3. Results and Discussion

3.1. Changes of Pollutants Emission

Although air pollution in the metropolitan regions was expected to increase in the 2015–2019 period owing to population and urbanization growth according to the hypothesis H1, preliminary results demonstrated a declining trend of CO and PM2.5 in Tehran. PM10, SO2, T, and WS had a stable trend. Exclusively, NO2 and RH were slightly increased (Figure 5A).
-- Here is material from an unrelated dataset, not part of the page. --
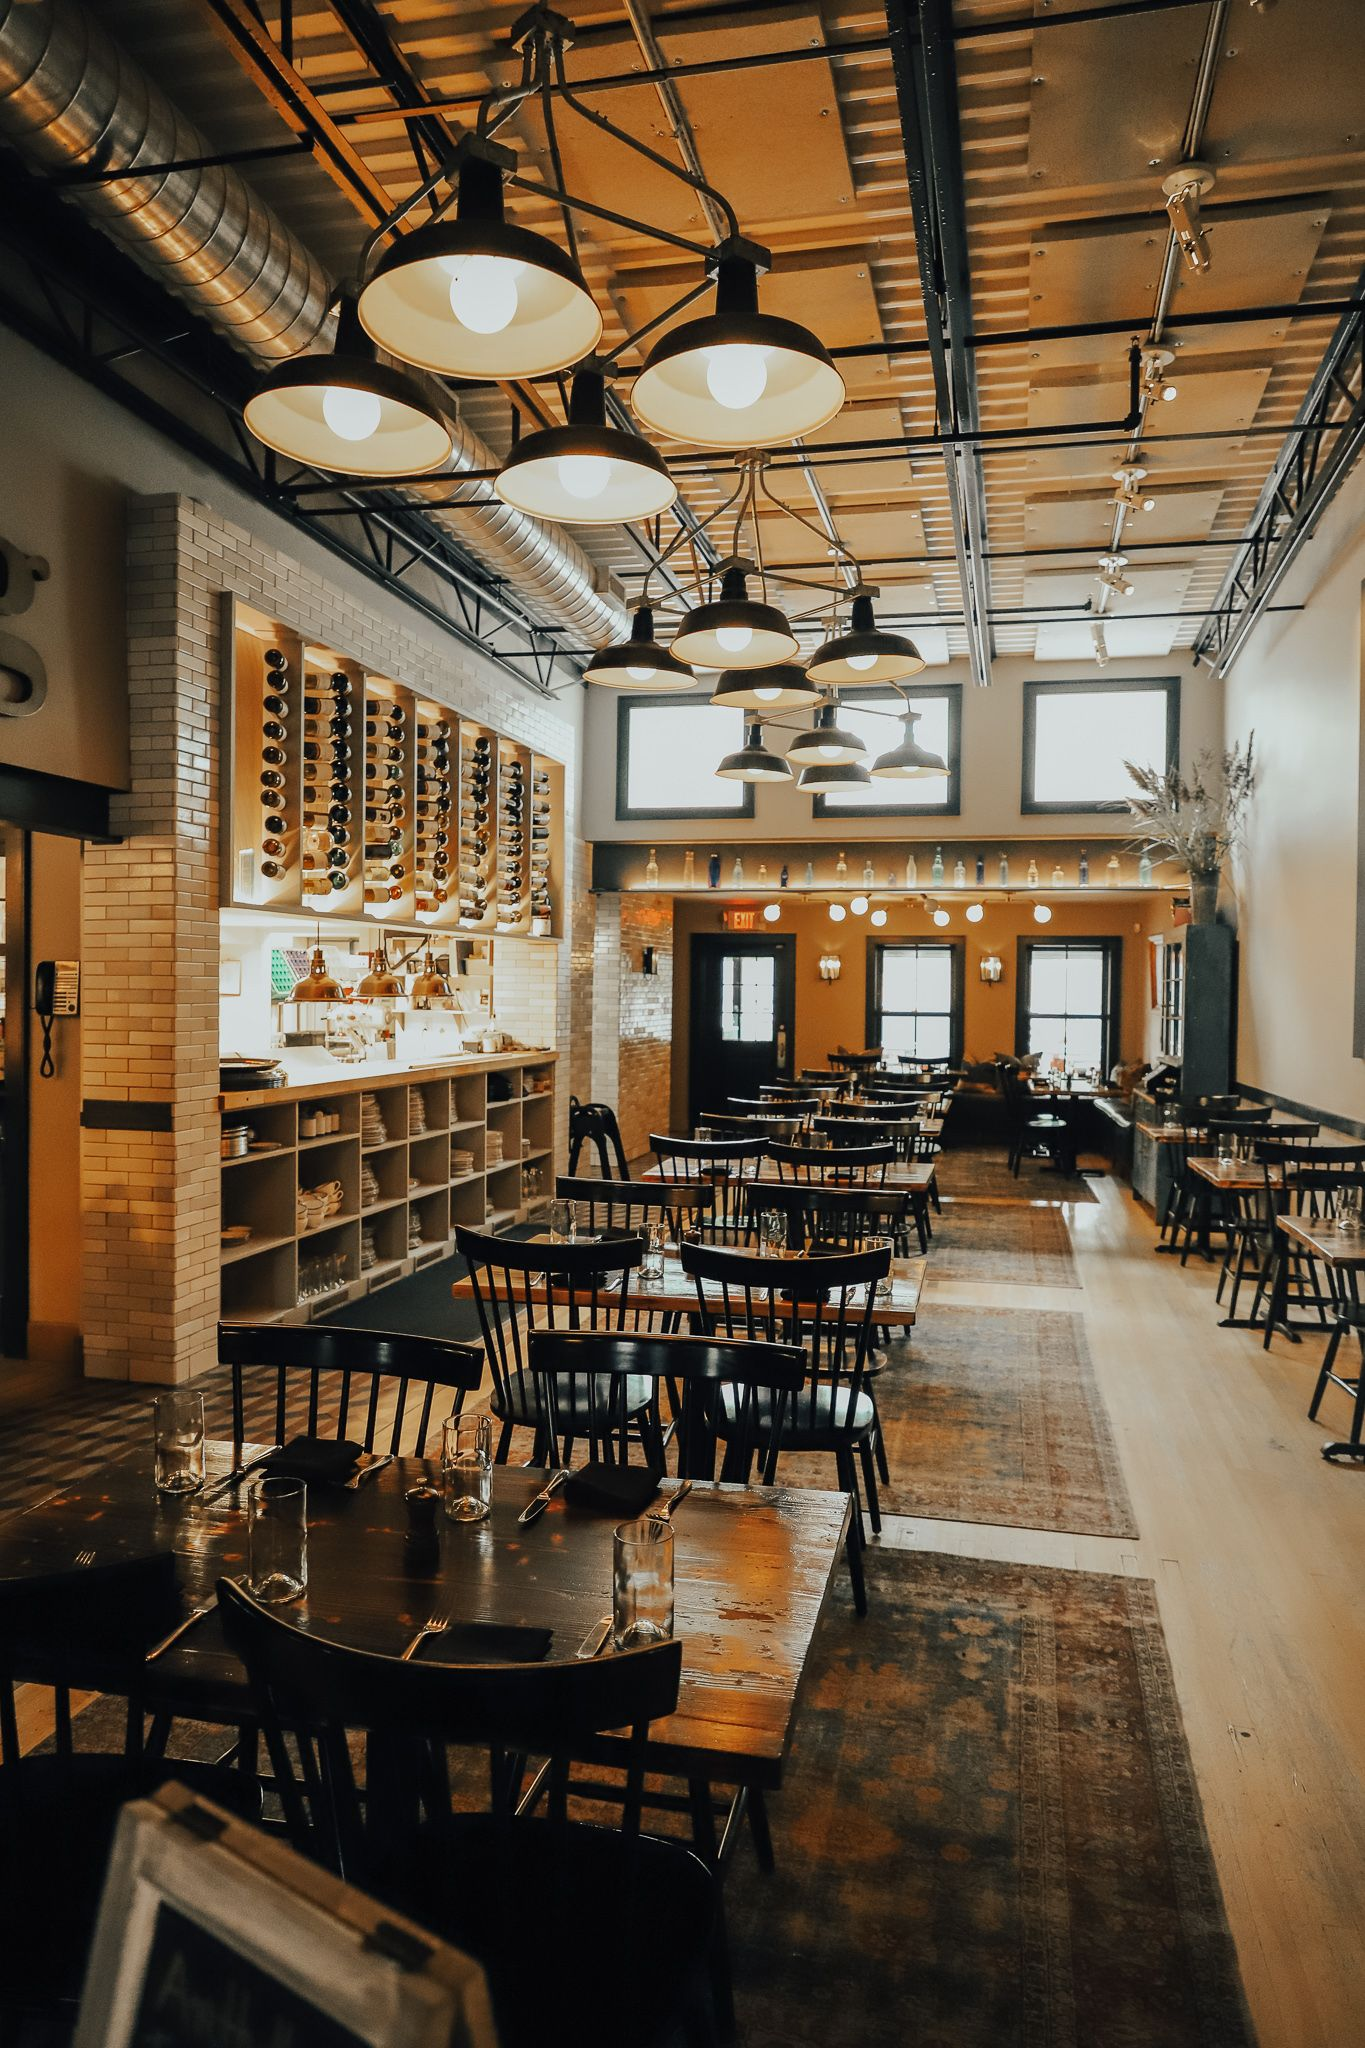 The Amsterdam Restaurant In Rhinebeck New York Clic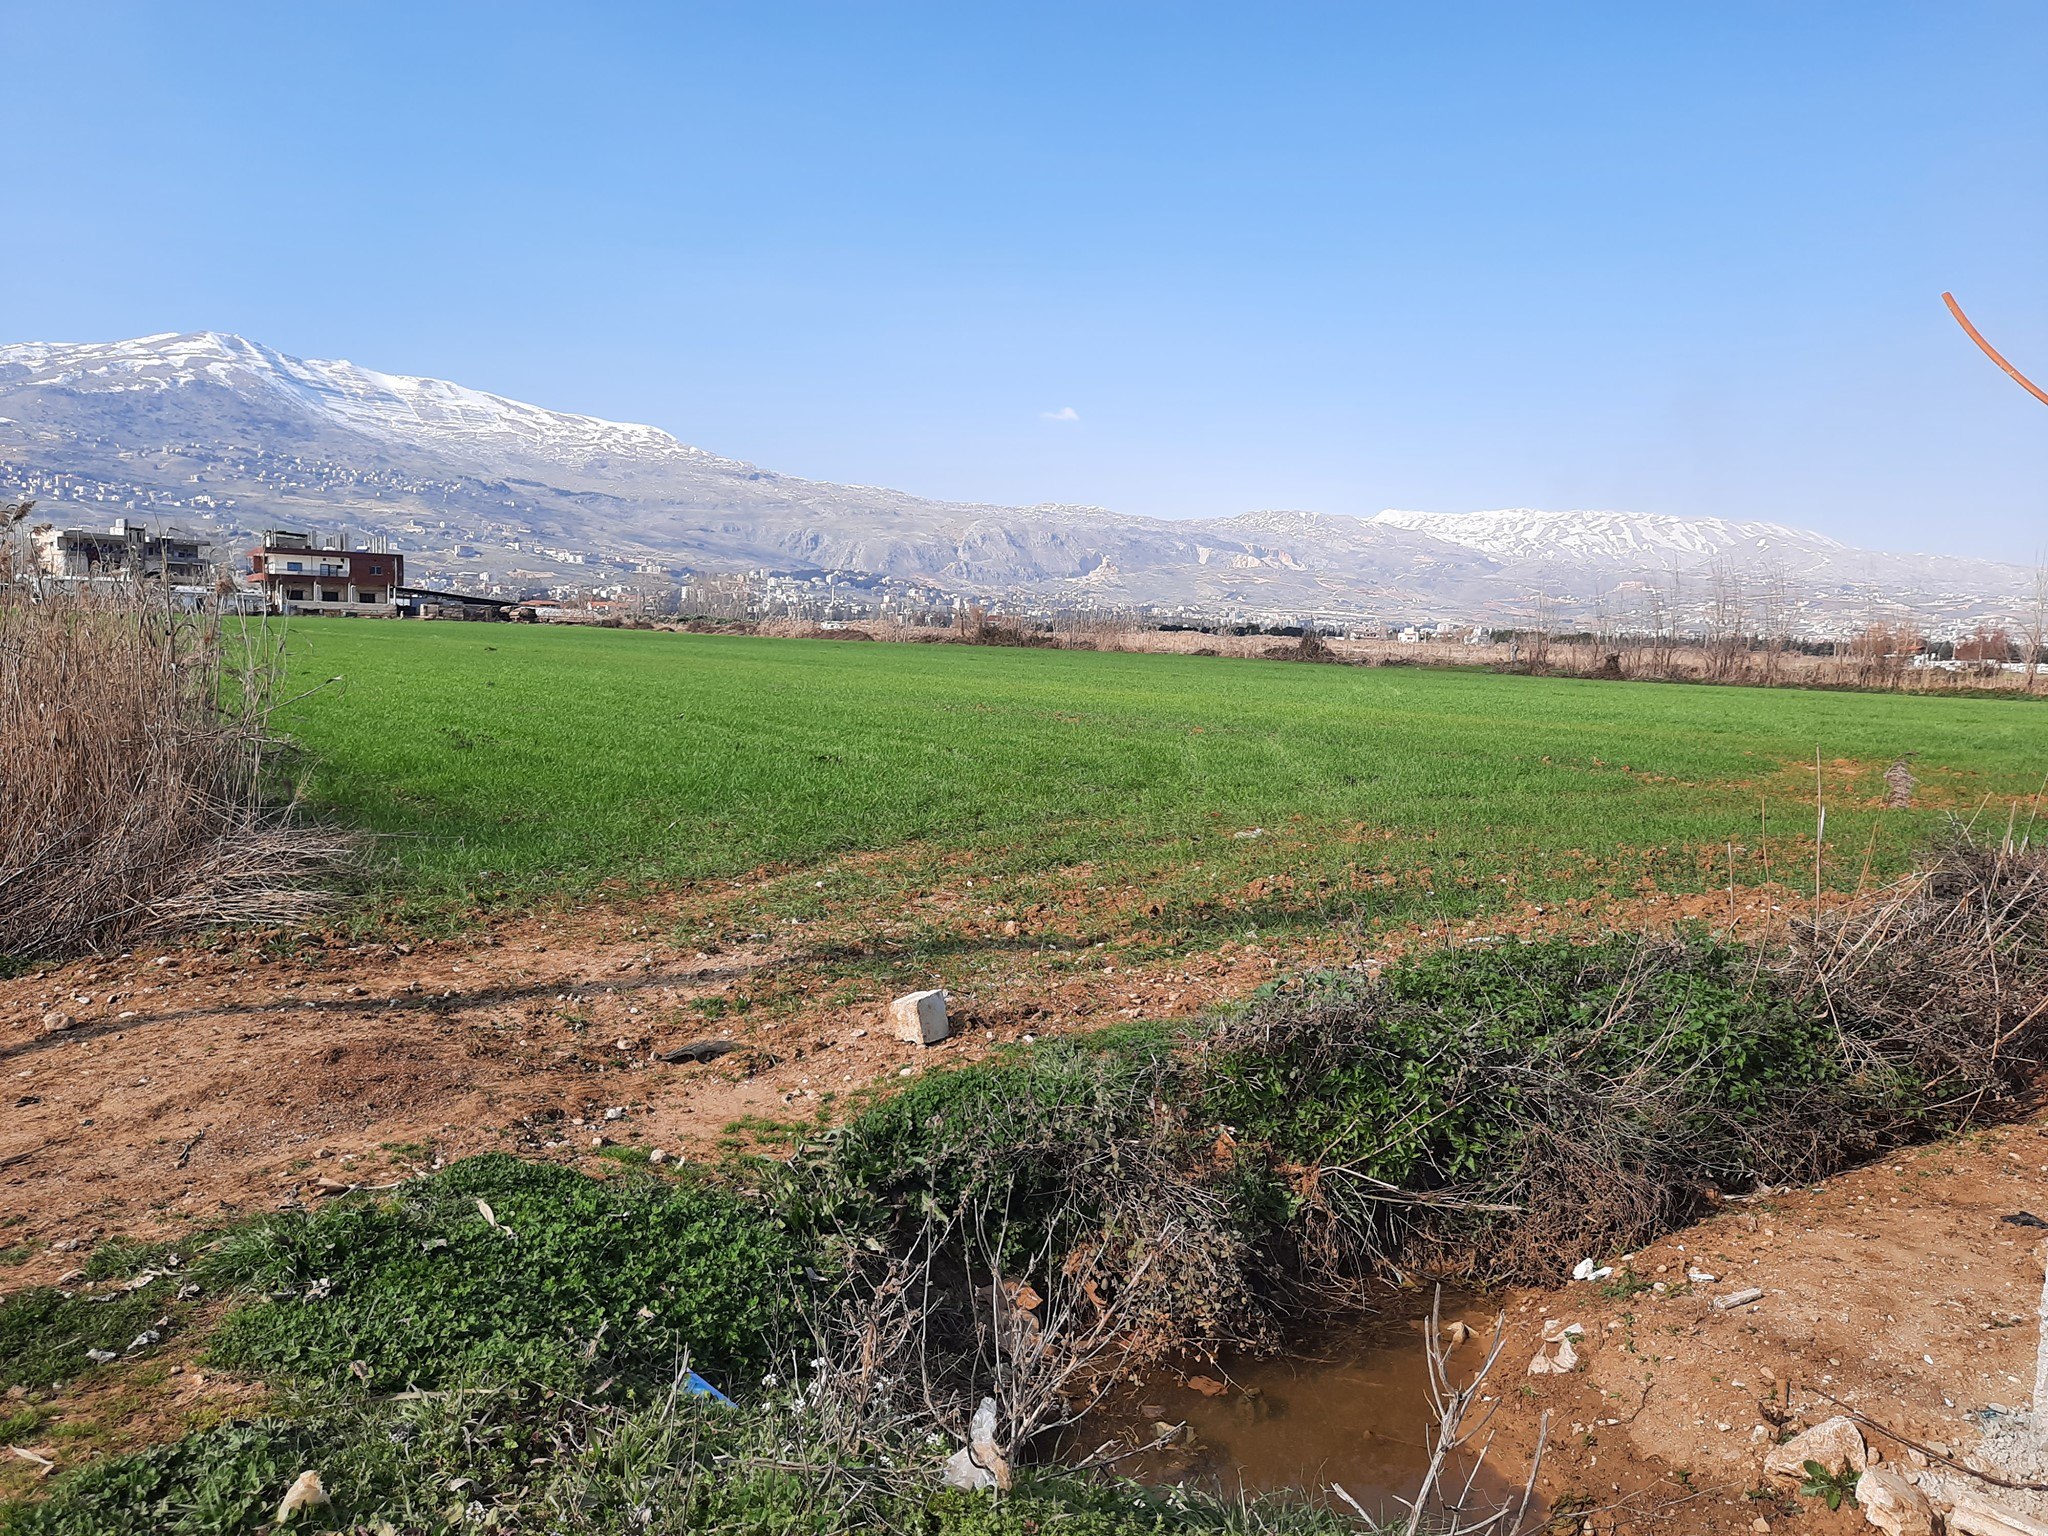 Horizons International buys farmland in Lebanon

The annual average of PM2.5 in Tabriz significantly decreased from 70 µg m−3 in 2015 to 50 µg m−3 in 2019. There were no significant variations in the mean changes of SO2 and NO2, while the levels of O3 and CO had an increasing trend in 2017–2019. Furthermore, T, RH, WS, and AP were relatively unchanged (Figure 5B). In Shiraz, there was no considerable difference between 2018–2019 and 2015–2017 for the PM2.5 level. PM10 and SO2 levels dropped dramatically at the same time. NO2 and O3 experienced a significant increase, whereas CO only decreased in 2019. WS and T had a consistent trend, while RH enhanced (Figure 5C). In addition, AP was unchanged in all cities. Accordingly, since no substantial increase in all or the majority of pollutants was recorded, the hypothesis H1 is rejected. More so, several pollutants in 2015–2019 showed a lowering or an unchanging trend.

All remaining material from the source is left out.